In this context, flexibility becomes a central design principle. Laboratory environments may need to accommodate both patient-specific cell processing and emerging biologics manufacturing platforms. Similarly, cancer centers must balance current demand for high-acuity, scheduled infusion with the potential future need for higher-throughput, repeatable treatment capacity.
Rather than optimizing for a single anticipated future state, organizations should prioritize adaptable systems—modular GMP spaces, scalable infusion capacity, and right-sized cold storage infrastructure that can expand with demand. The goal is not to predict the precise trajectory of in vivo CAR-T, but to ensure that facilities remain resilient across multiple potential scenarios.

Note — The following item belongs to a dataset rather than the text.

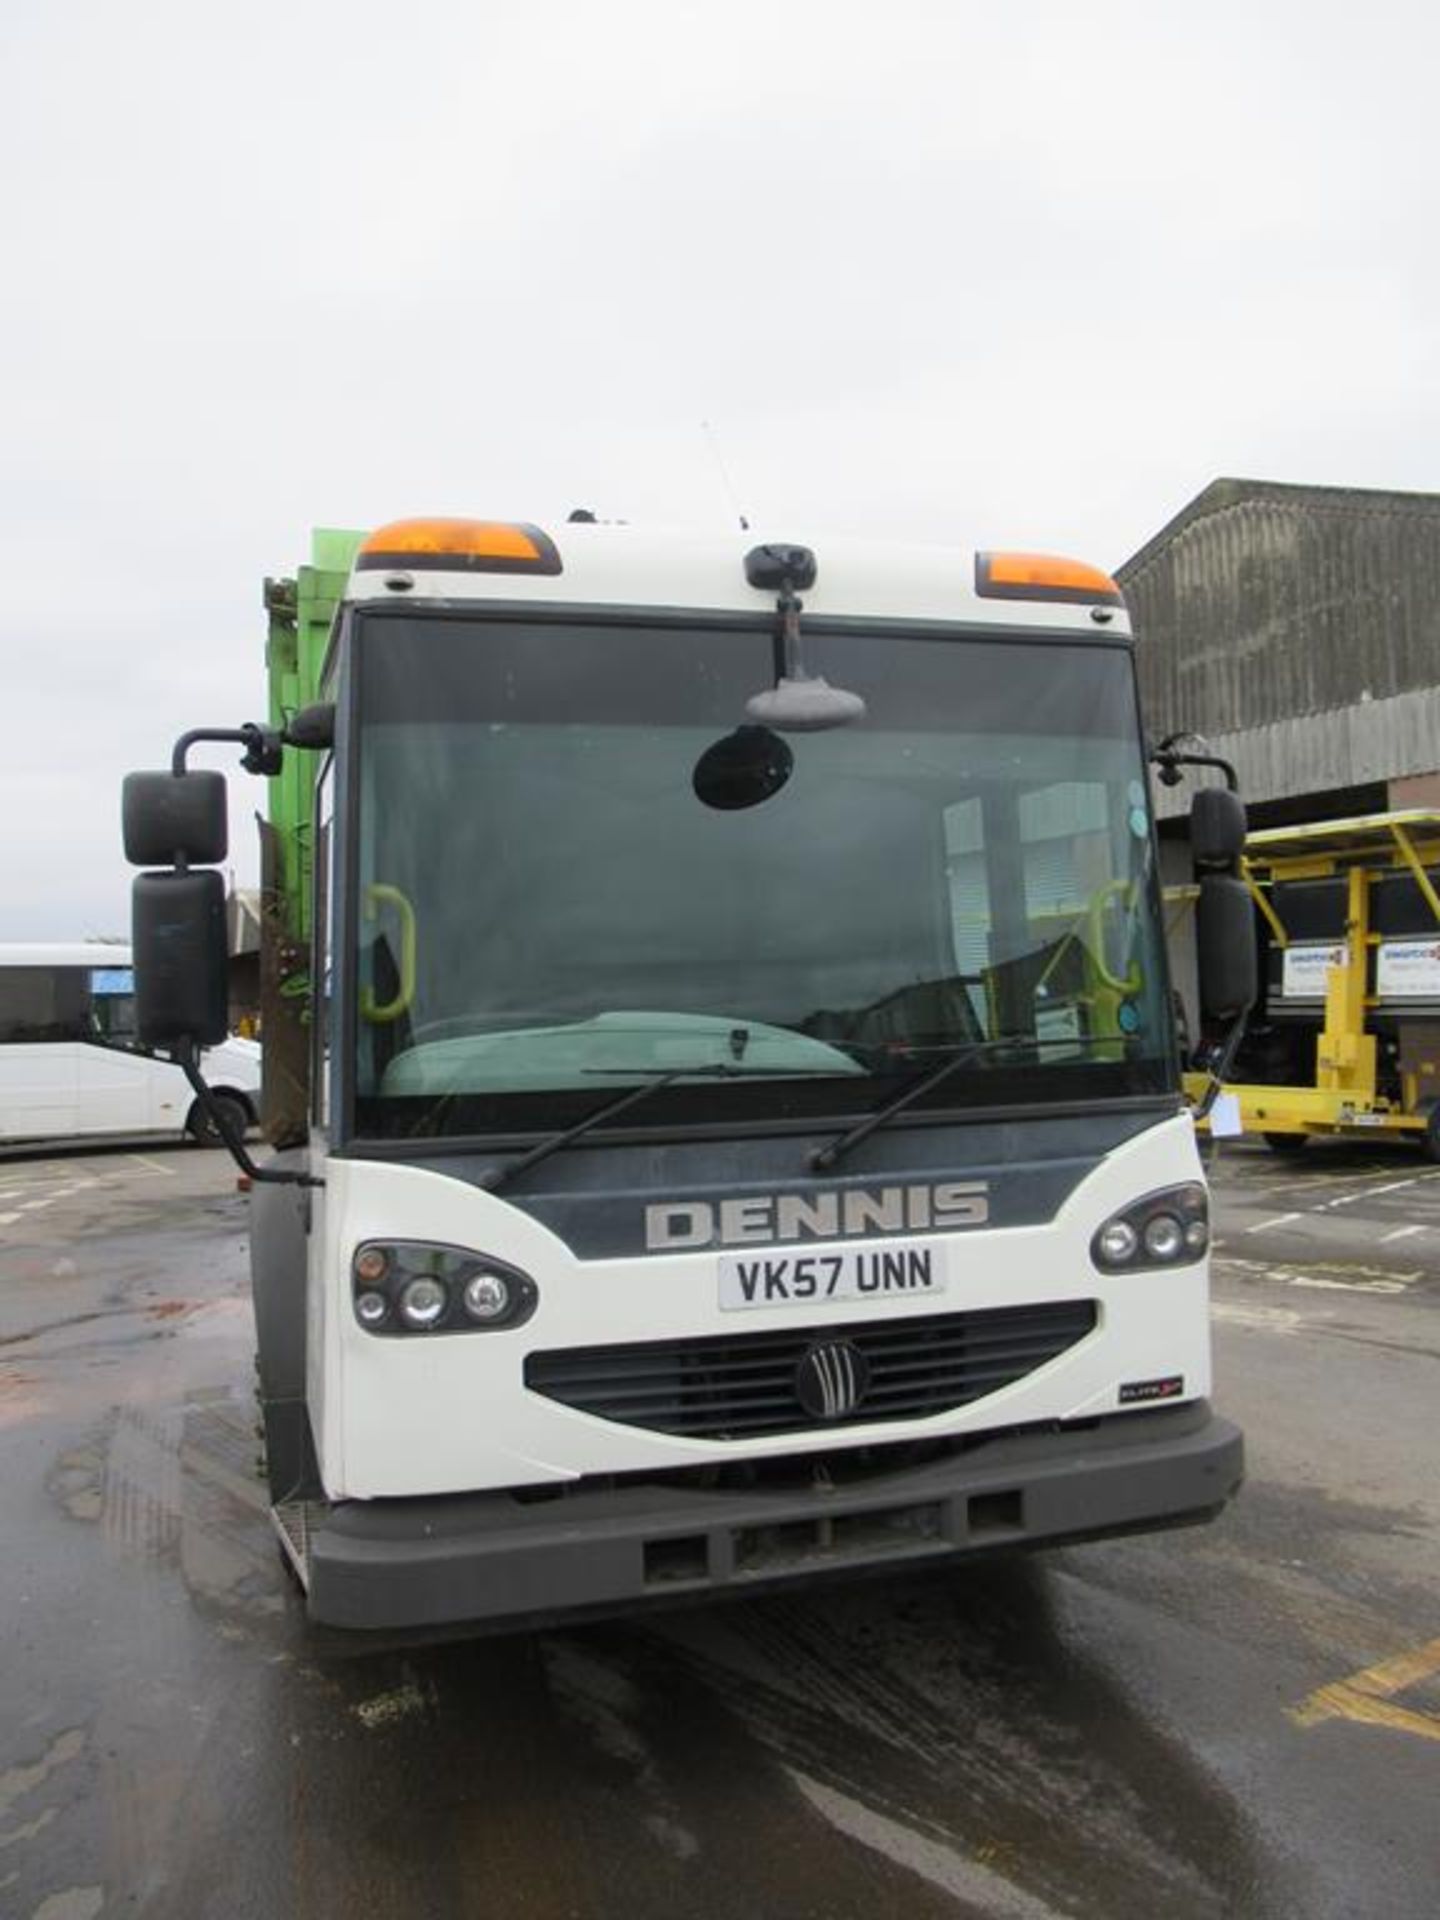 Dennis Eagle Elite 2 One Pass Refuse Collection Vehicle - Image 6 of 34

Preparing for the Next Phase of CAR-T Delivery
The evolution of CAR-T therapy from ex vivo to in vivo represents more than a scientific advancement—it signals a broader shift in how therapies are produced, delivered, and integrated into care systems. While the timeline for widespread adoption remains uncertain, the direction of change is increasingly clear.
For those involved in laboratory and healthcare facility planning, the implications are immediate. Decisions made today—regarding manufacturing space, infusion capacity, and operational models—will shape the ability to adapt to this next generation of therapies. As the field progresses, the most resilient organizations will be those that recognize the shift early and design not for the present alone, but for the system that is already beginning to emerge.